**Dataset entries**

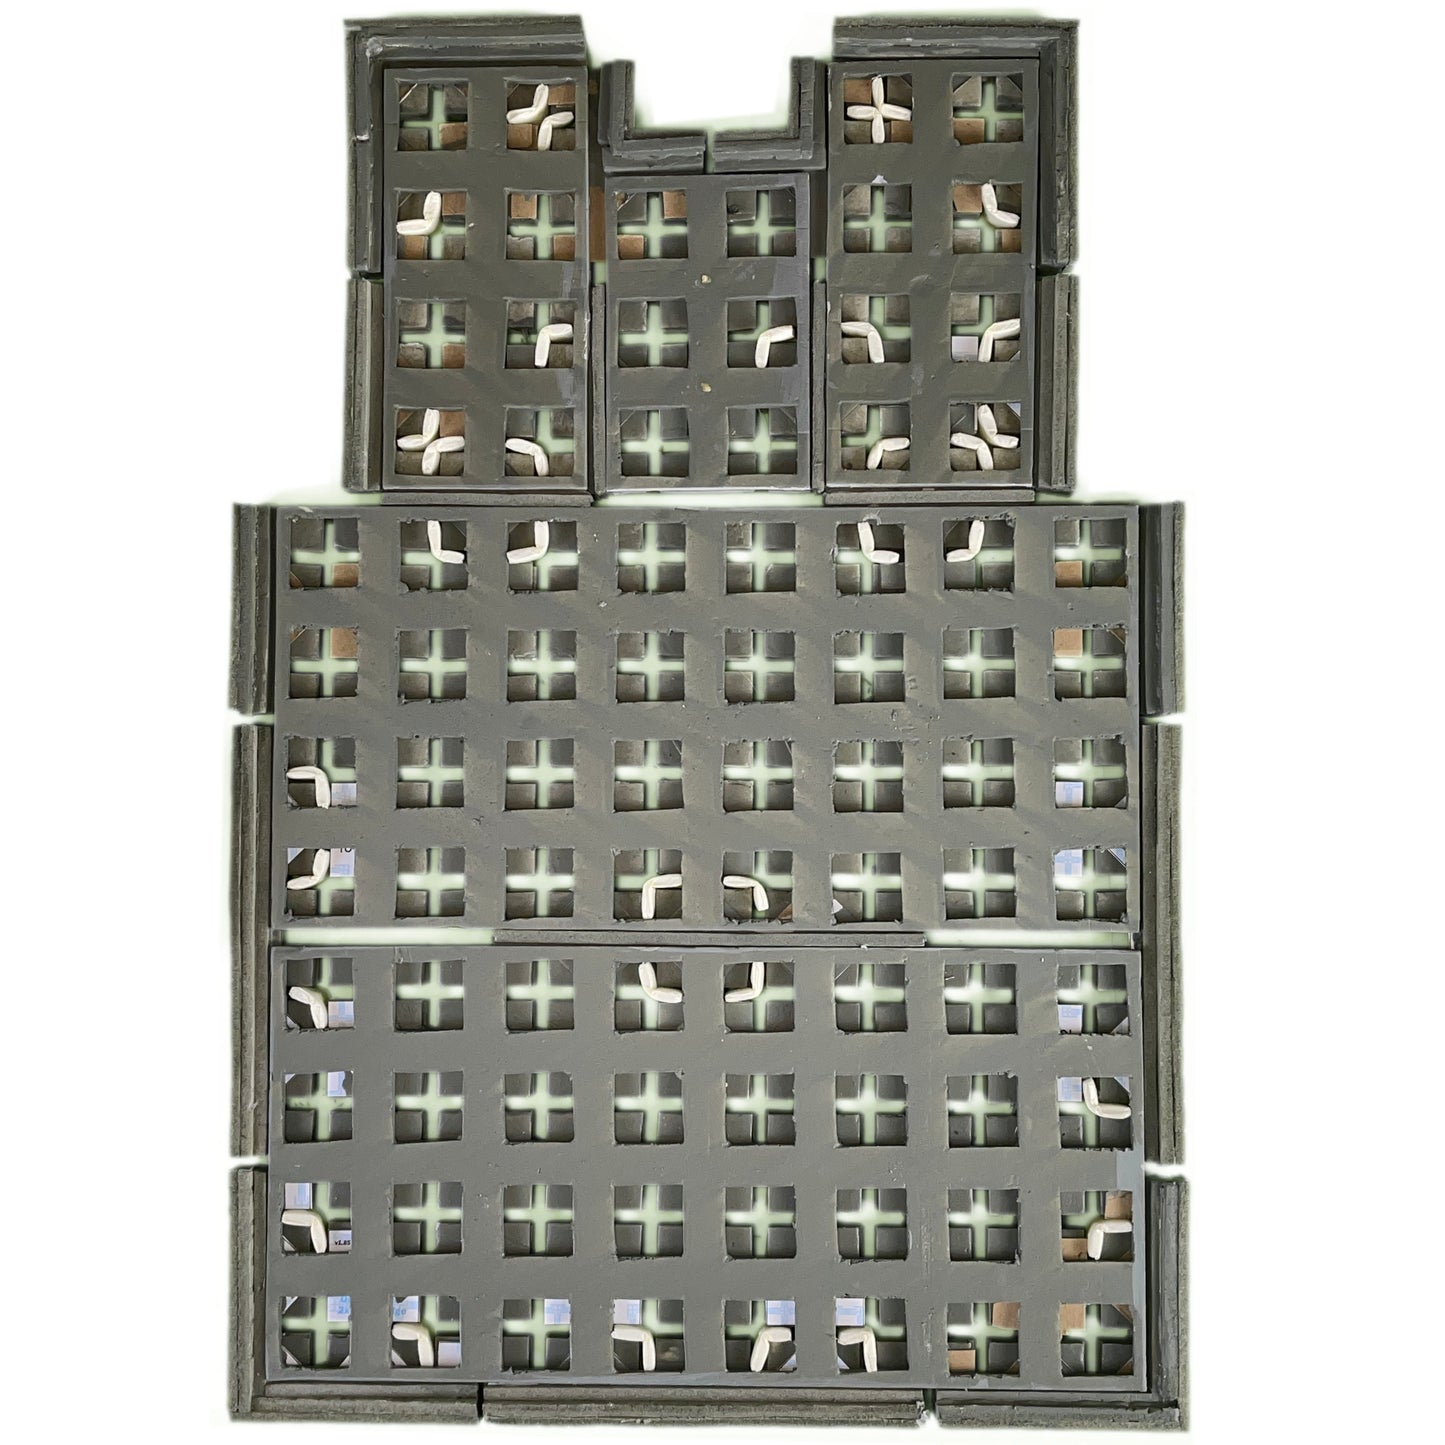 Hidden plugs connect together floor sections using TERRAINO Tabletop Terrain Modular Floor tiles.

---

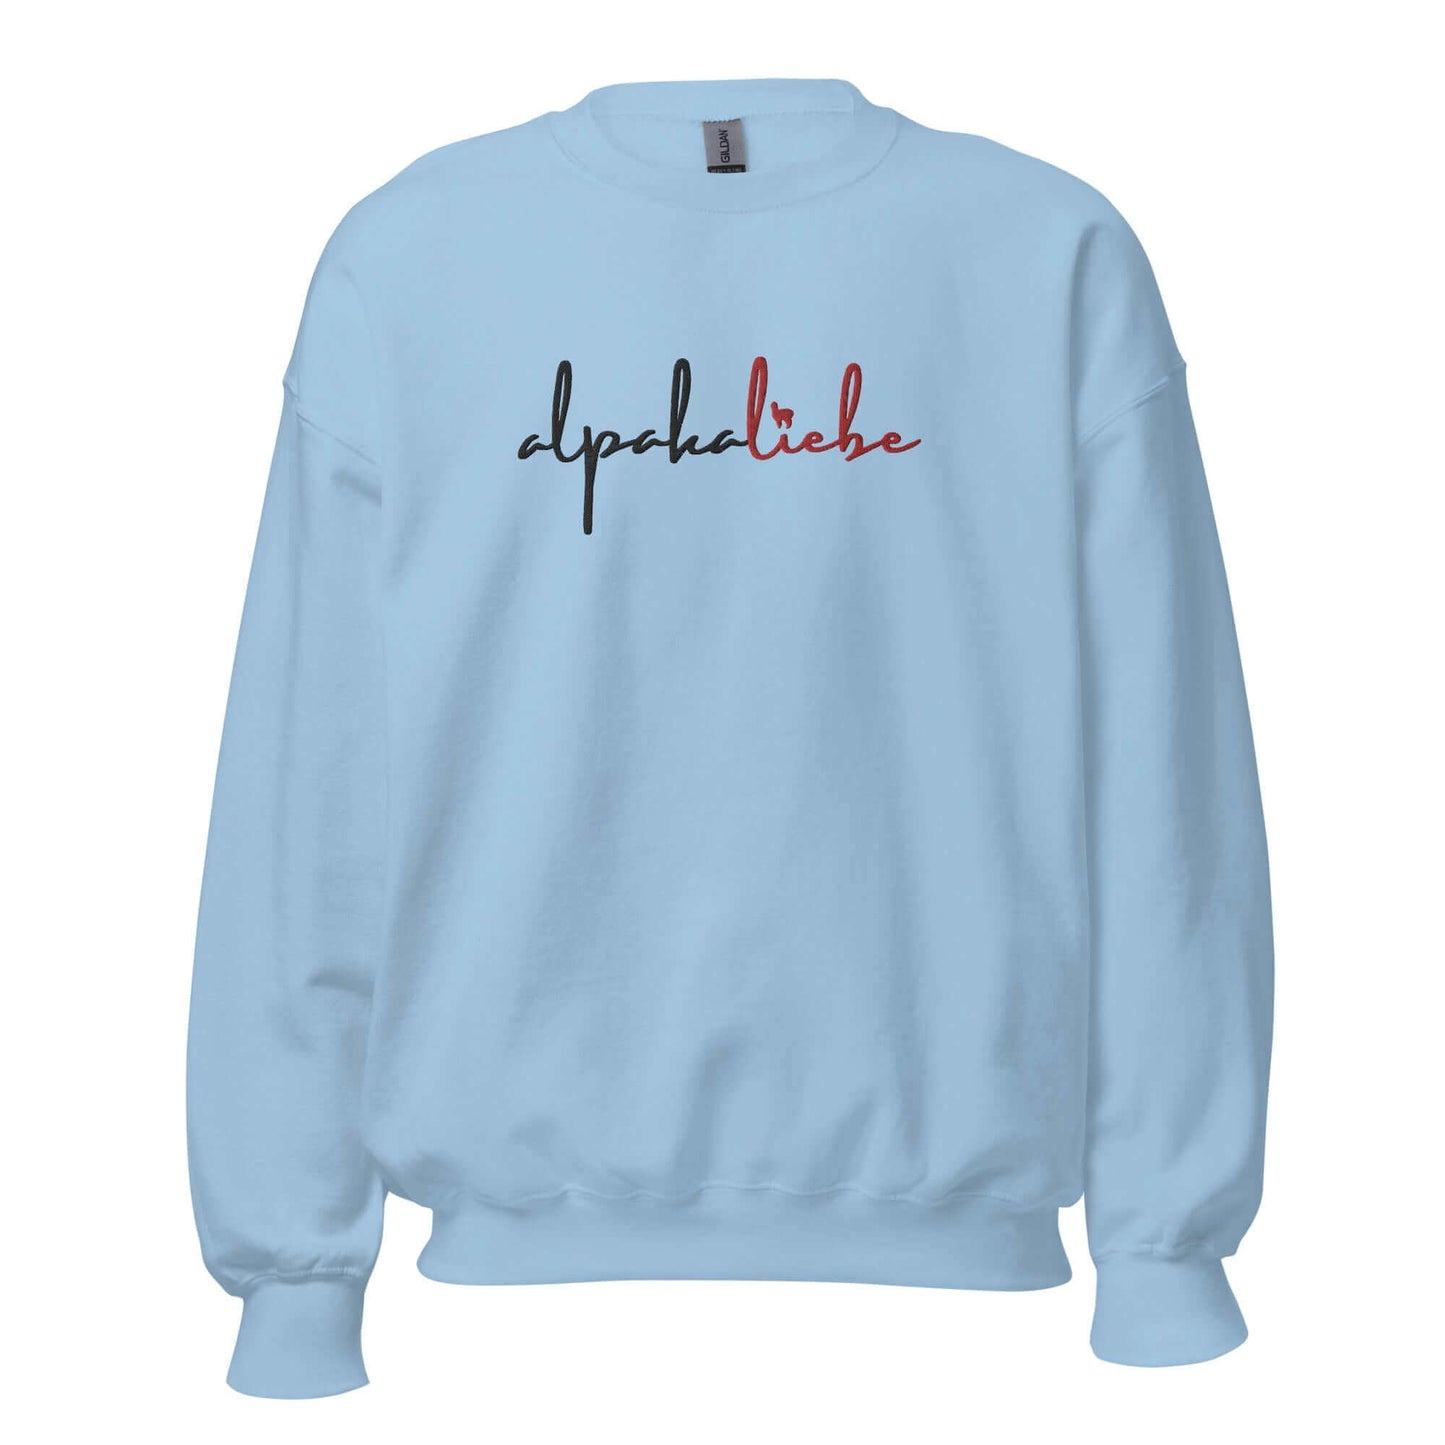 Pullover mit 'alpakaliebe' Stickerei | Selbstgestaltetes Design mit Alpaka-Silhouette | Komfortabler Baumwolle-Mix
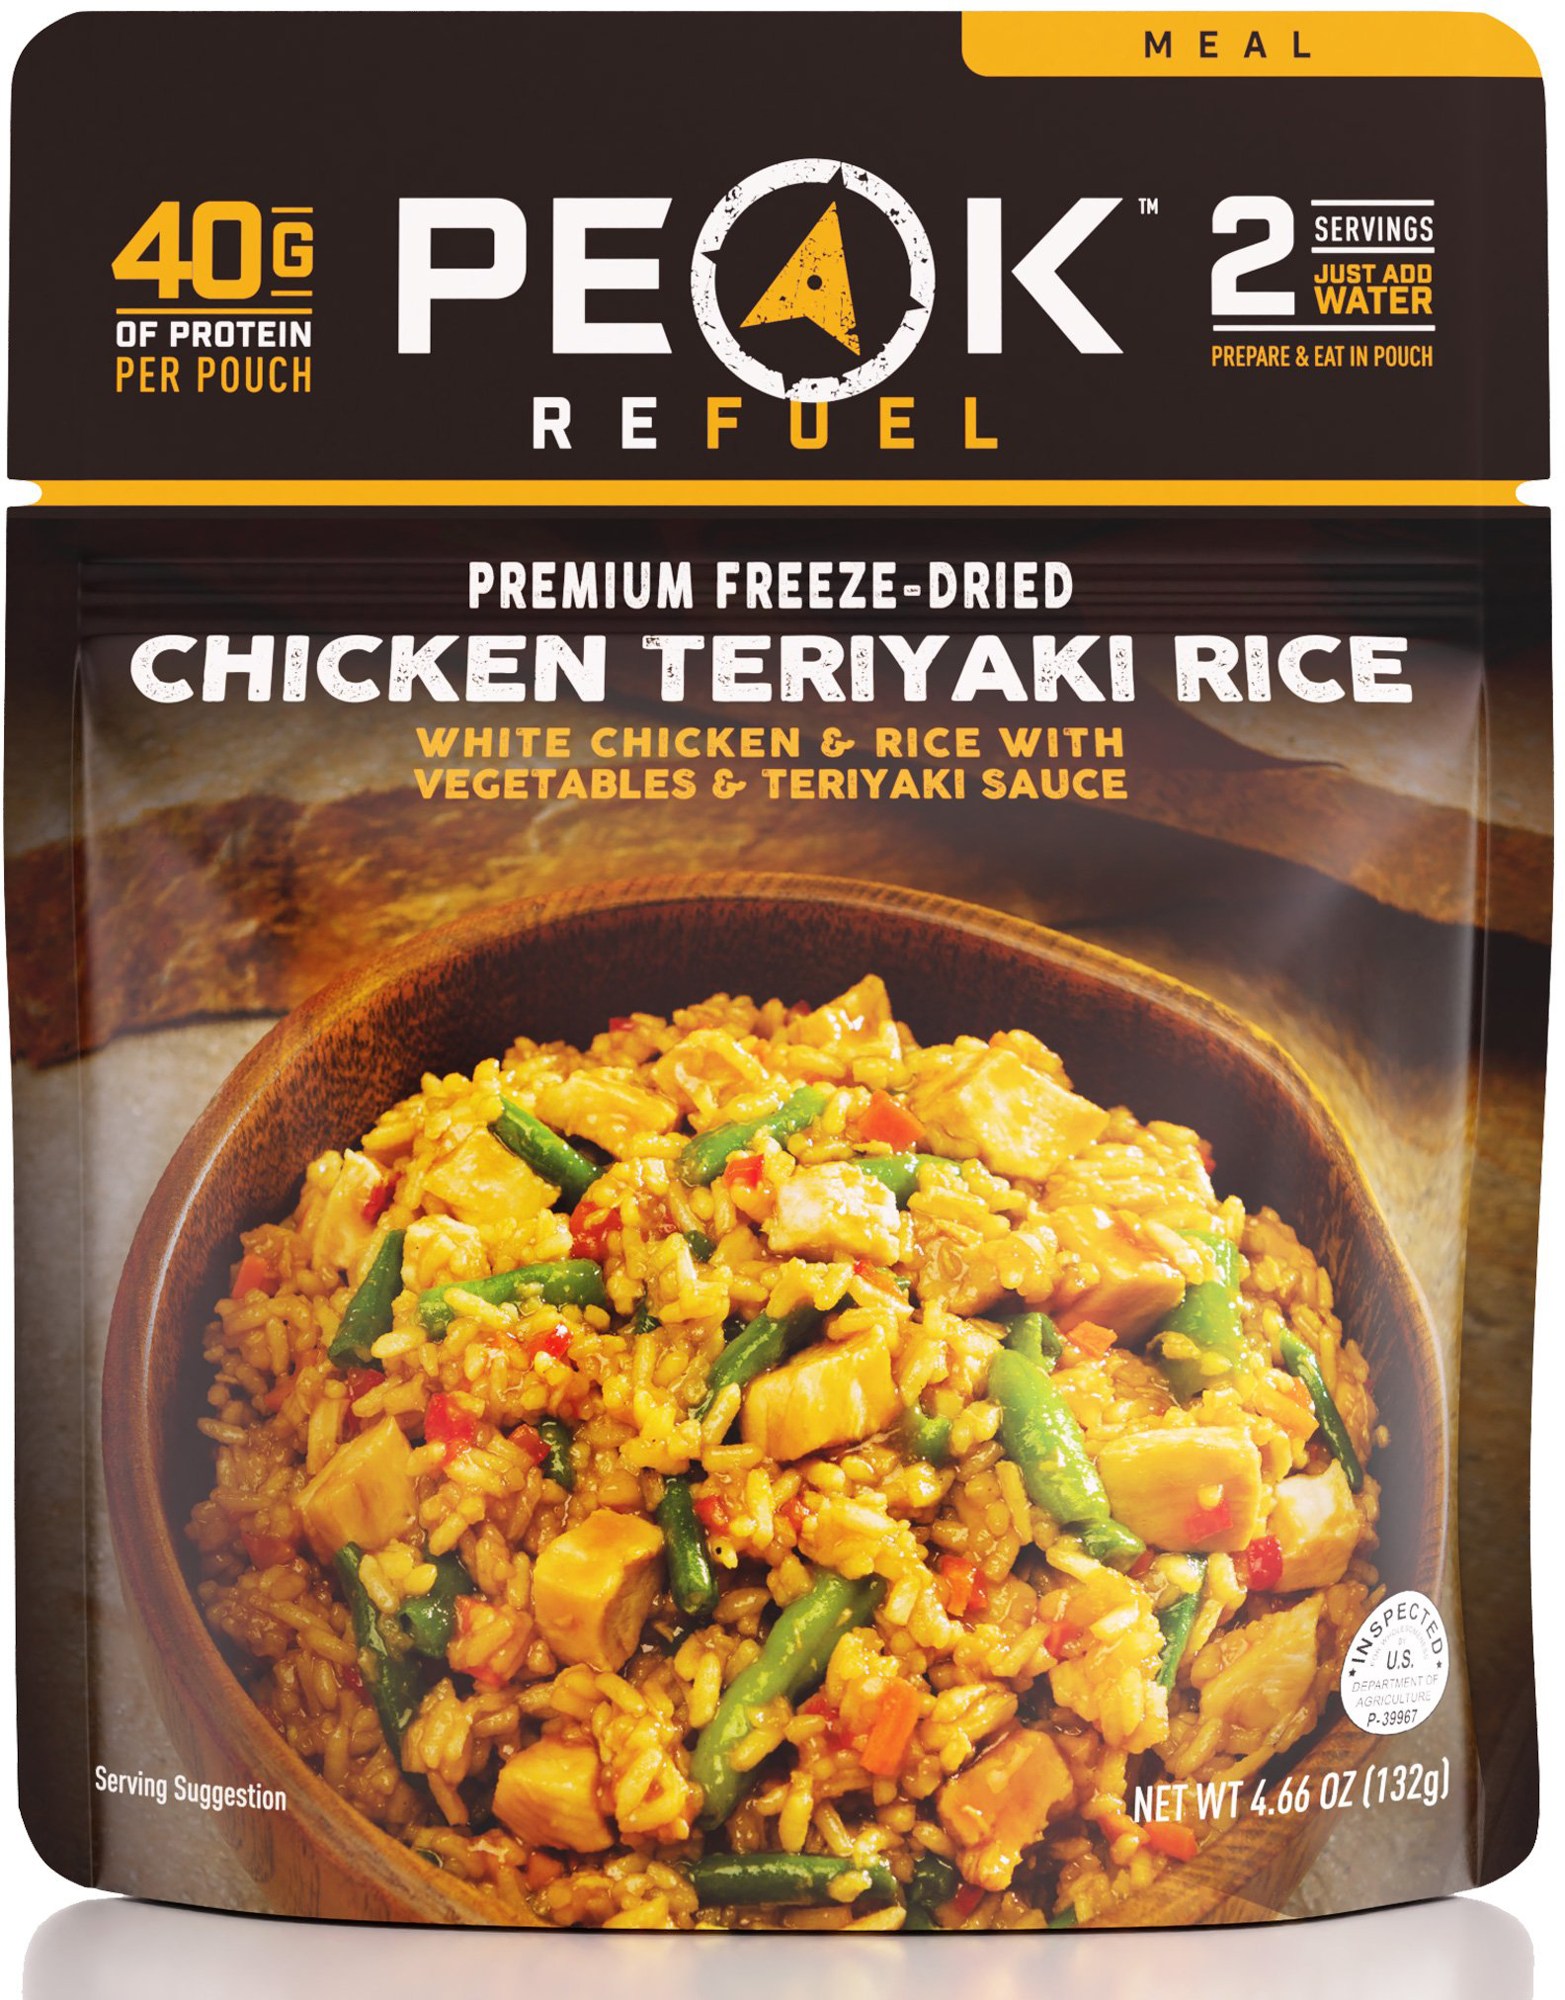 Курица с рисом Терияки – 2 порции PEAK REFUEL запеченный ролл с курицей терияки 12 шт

---

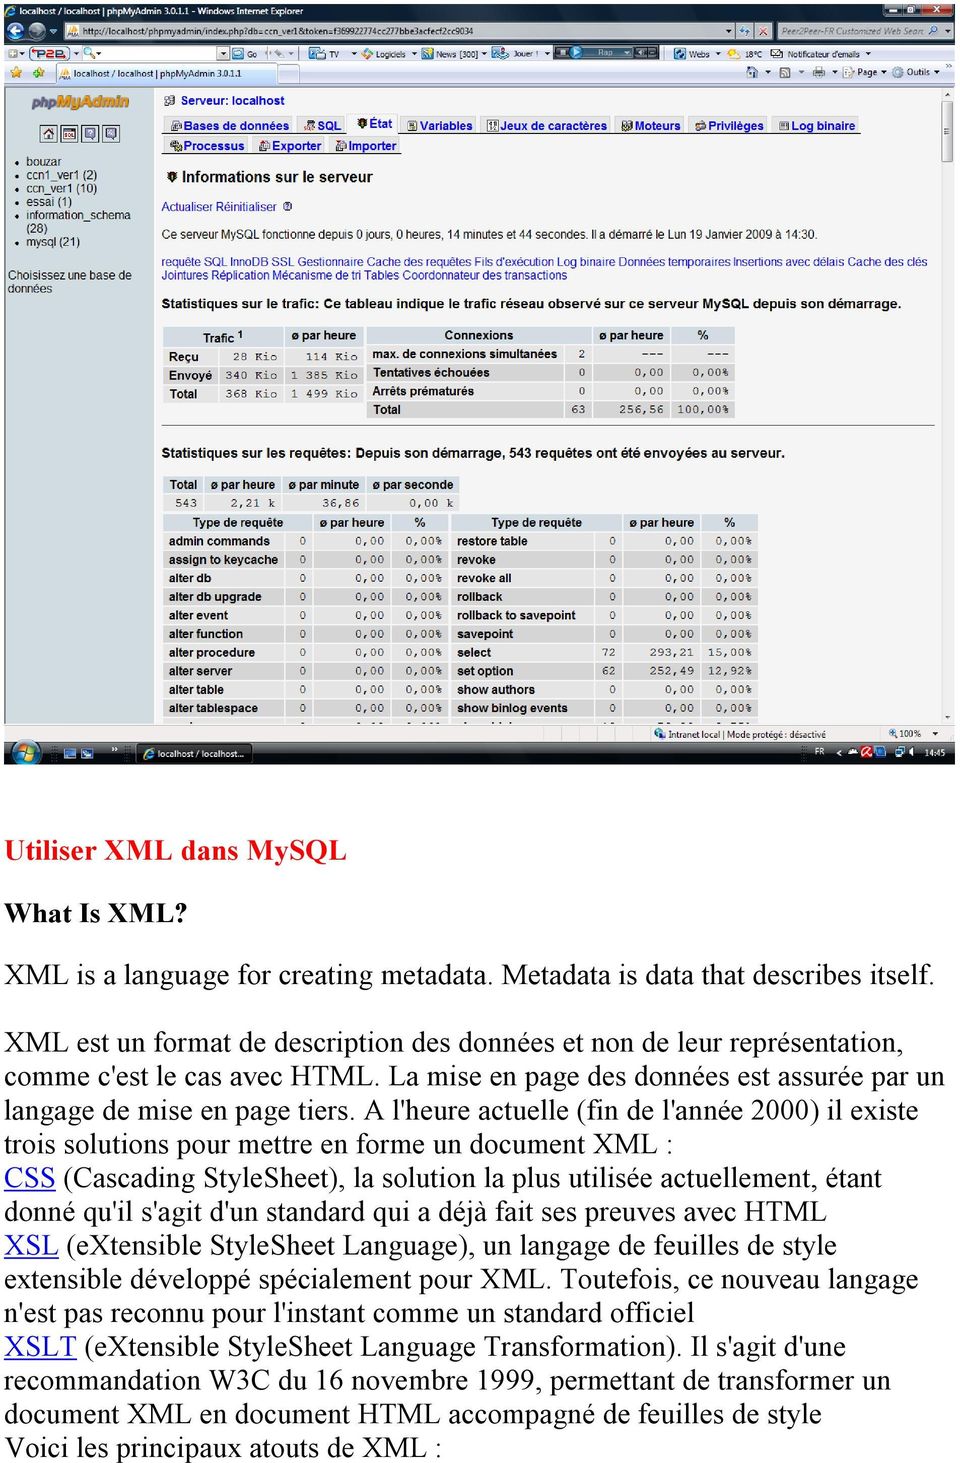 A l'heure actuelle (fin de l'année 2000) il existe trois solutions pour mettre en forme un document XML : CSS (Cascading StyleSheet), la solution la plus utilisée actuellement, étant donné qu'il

**What the exercise asks**
Within the listing above, find the line containing "Pullover mit 'alpakaliebe'" and the line containing "Курица с рисом". Transcribe them and everything between them exactly, leaving out the pictures.

**Solution**
 Pullover mit 'alpakaliebe' Stickerei | Selbstgestaltetes Design mit Alpaka-Silhouette | Komfortabler Baumwolle-Mix
 Курица с рисом Терияки – 2 порции PEAK REFUEL запеченный ролл с курицей терияки 12 шт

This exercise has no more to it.